Altered regulatory T cells: A consequence of mast cells in colorectal cancer

I justed came across this paper by Blatner et al. Colorectal cancer is characterised by abundant Tregs and mast cells. However, mechanisms on how the tumor is able to survive in spite of such atmosphere is unclear. Here the authors study human CRC and murine polyposis tumors. The authors report systemic skewing of Treg from anti- to proinflammatory functions in both human CRC and murine polyposis; which they call "altered Tregs". MC are target of suppression by Treg but at the same time play a critical role to reverse the anti-inflammatory function of the Treg. They predict that targeting the pathogenic cross-talk between Treg and MC to allow recovery of Treg antiinflammatory functions will help to control CRC.
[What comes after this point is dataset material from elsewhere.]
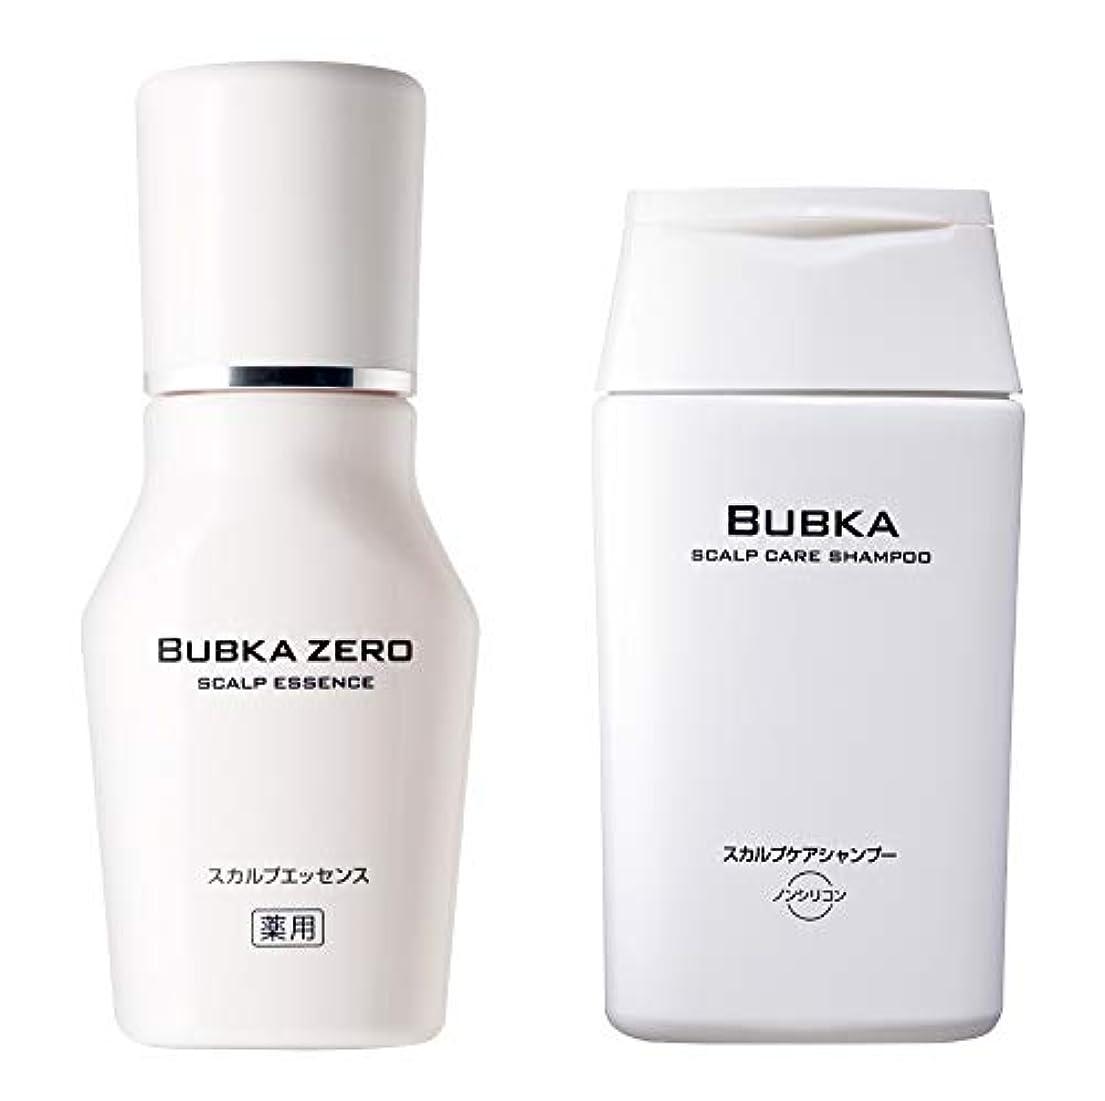 最初はごめんなさい花瓶【医薬部外品】BUBKA(ブブカ)薬用 スカルプエッセンス 育毛剤 BUBKA ZERO+BUBKAスカルプケアシャンプー おすすめセット

First, the  authors show that cytokine milieu in the tumors show increased IL17, TGFβ, IL6, and IL1β with corresponding reductions in IL10 and INFγ; these favor Th17 polarization.They then show that there is increased FoxP3 Tregs and mast cells in the colorectal cancer tumors. These tregs from patient tumors are unable to suppress mast cell degranulation, lack IL10 but show increased IL17 when compared to healthy donors. Then, the authors show that IL6 enables the diversion of healthy human Tregs to a pro-inflammatory phenotype with ability to inhibit CD4 T cells. The authors even generate pSTAT3+ rpo-inflammatory Tregs by co-culturing of naive Treg with primary MC. However, by performing bone marrow transplantation experiments, the authors show that IL6 is sufficient but not absolutely necessary for Treg conversion.Thus, MC induce Treg to switch function and escalate inflammation in CRC without losing T-cell–suppressive properties without the need of  IL6 and IL17 in this process.


Suggested Reading:
1. Blatner et al, In colorectal cancer mast cells contribute to systemic regulatory T-cell dysfunction, PNAS 2010,  107 (14), 6430-6435 
2. Gri G, et al. CD4+CD25+ regulatory T cells suppress mast cell degranulation and allergic responses through OX40-OX40L interaction. Immunity 2008, 29:771–781. 
3. Piconese S, et al. Mast cells counteract regulatory T cell suppression through interleukin-6 and OX40/OX40L axis toward Th17 cell differentiation. Blood 2009, 114:2639–2648.